在这种情况下,真正不寻常的单词实际上包含句子中任何单词的最相似信息,但由于该单词显然不在模型的词汇表中,因此所有这些信息在嵌入过程中都丢失了.

In that case, the truly unusual words in fact contain the very most similarity information of any words in the sentence BUT all of that information is lost during embedding due to the fact that the word is apparently not in the vocabulary of the model.

我想获得 GUSE 嵌入模型已知的所有单词的列表,以便我可以将这些已知单词从句子中屏蔽掉,只留下新"单词.

I'd like to get a list of all of the words known by the GUSE embedding model so that I can mask those known words out of my sentence, leaving only the "novel" words.

然后,我可以对目标语料库中的那些新词进行精确的词搜索,并实现类似句子搜索的可用性.

I can then do an exact word search for those novel words in my target corpus and achieve usability for my similar sentence searching.

例如我喜欢使用 Xapian!"被嵌入为我喜欢使用 UNK".

e.g. "I love to use Xapian!" gets embedded as "I love to use UNK".

如果我只对Xapian"进行关键字搜索而不是语义相似性搜索,我会得到比使用 GUSE 和向量 KNN 更相关的结果.

If I just do a keyword search for "Xapian" instead of a semantic similarity search, I'll get much more relevant results than I would using GUSE and vector KNN.

关于如何提取 GUSE 已知/使用的词汇有什么想法吗?

Any ideas on how I can extract the vocabulary known/used by GUSE?

推荐答案

我假设你有 tensorflow &tensorflow_hub 已安装,您已经下载了模型.

I'm assuming you have tensorflow & tensorflow_hub installed, and youhave already downloaded the model.

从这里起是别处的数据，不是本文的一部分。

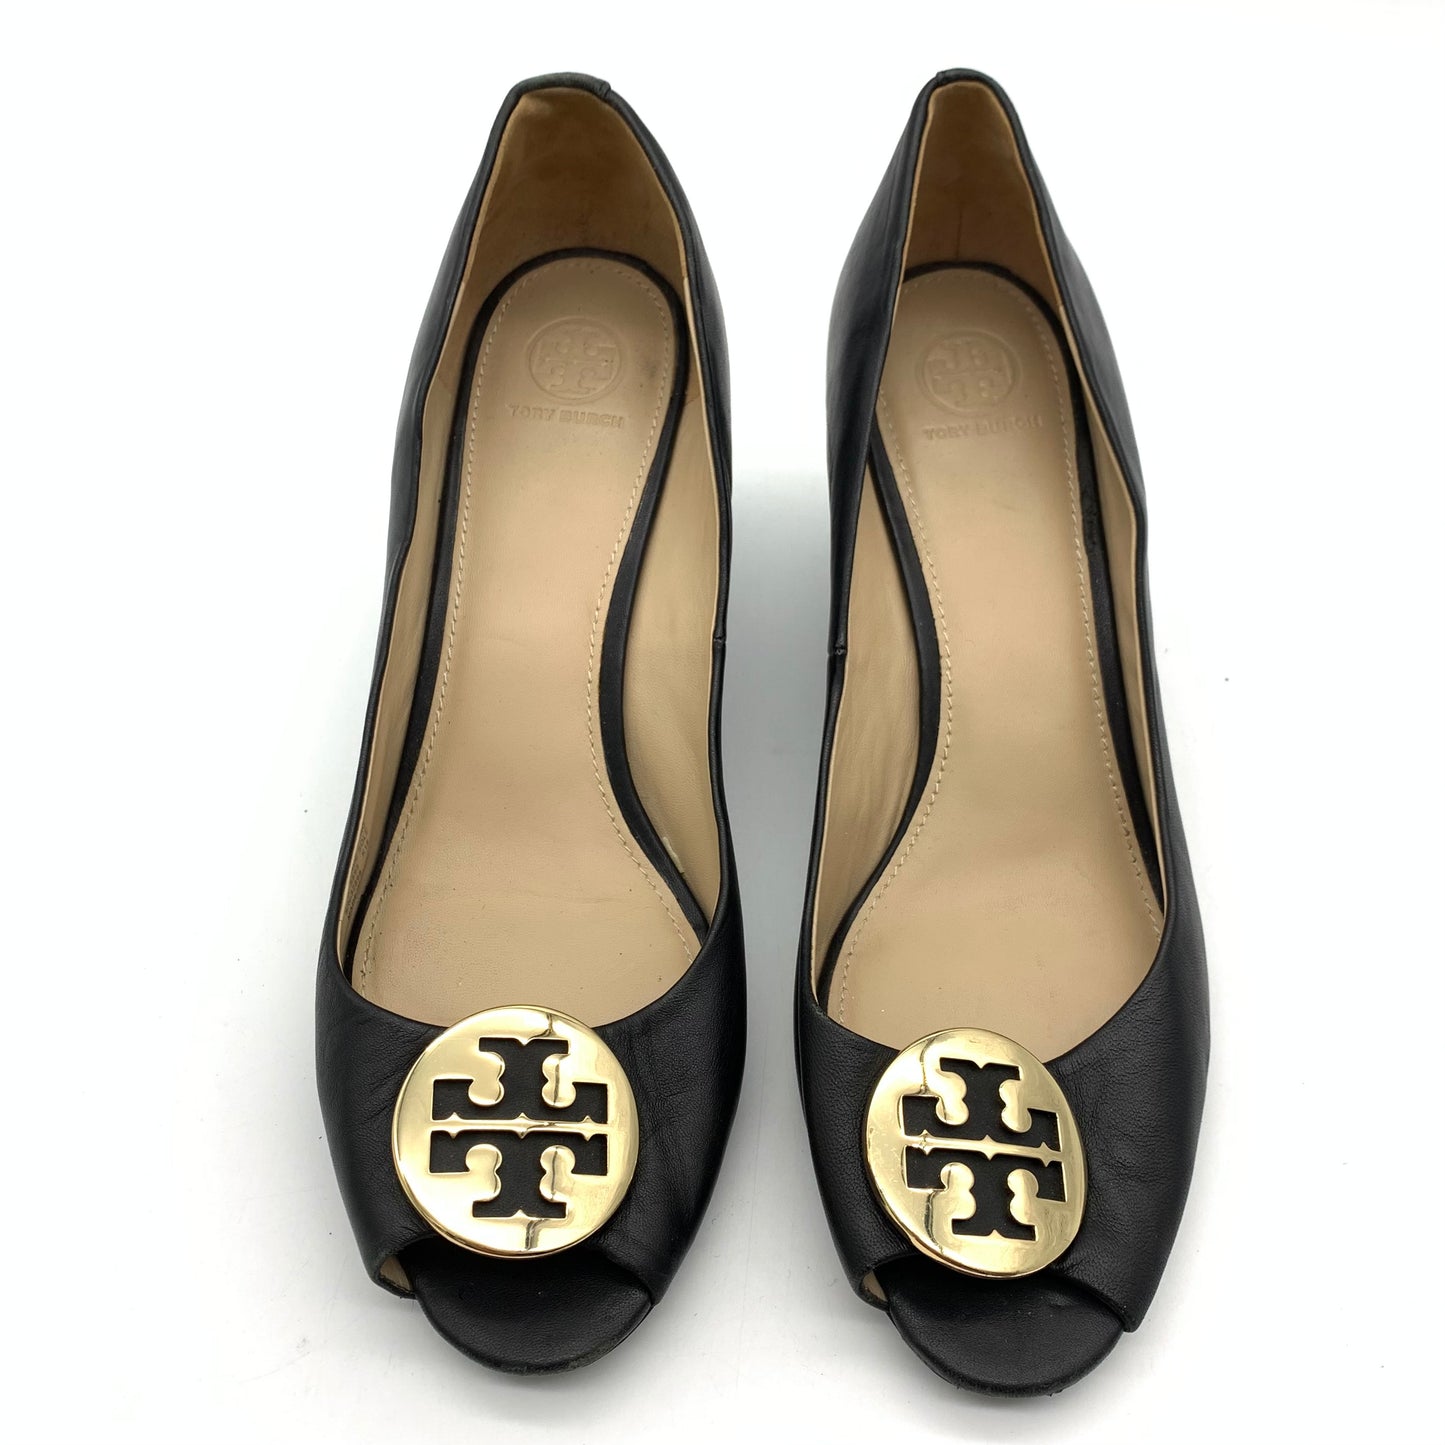 Sandals Heels Wedge By Tory Burch  Size: 11

重要提示:我假设您正在查看 https://tfhub.dev/google/universal-sentence-encoder/4!不能保证不同版本的对象图看起来相同,很可能需要修改.

IMPORTANT: I'm assuming you're looking at https://tfhub.dev/google/universal-sentence-encoder/4! There's no guarantee the object graph looks the same for different versions, it's likely that modifications will be needed.

在磁盘上查找它的位置 - 它位于 /tmp/tfhub_modules 的某个位置,除非您设置了 TFHUB_CACHE_DIR 环境变量(Windows/Mac 有不同的位置).该路径应包含一个名为 saved_model.pb 的文件,该文件是使用 Protocol Buffers 序列化的模型.

Find it's location on disk - it's somewhere at /tmp/tfhub_modules unless you set the TFHUB_CACHE_DIR environment variable (Windows/Mac have different locations). The path should contain a file called saved_model.pb, which is the model, serialized using Protocol Buffers.

不幸的是,字典在模型的 Protocol Buffers 文件中被序列化,而不是作为外部资产,所以我们必须加载模型并从中获取变量.

Unfortunately, the dictionary is serialized inside the model's Protocol Buffers file and not as an external asset, so we'll have to load the model and get the variable from it.

策略是使用 tensorflow 的代码对文件进行反序列化,然后沿着序列化的对象树一直向下移动到字典.

The strategy is to use tensorflow's code to deserialize the file, and then travel down the serialized object tree all the way to the dictionary.

import importlib

MODEL_PATH = 'path/to/model/dir' # e.g. '/tmp/tfhub_modules/063d866c06683311b44b4992fd46003be952409c/'

# Use the tensorflow internal Protobuf loader. A regular import statement will fail.
loader_impl = importlib.import_module('tensorflow.python.saved_model.loader_impl')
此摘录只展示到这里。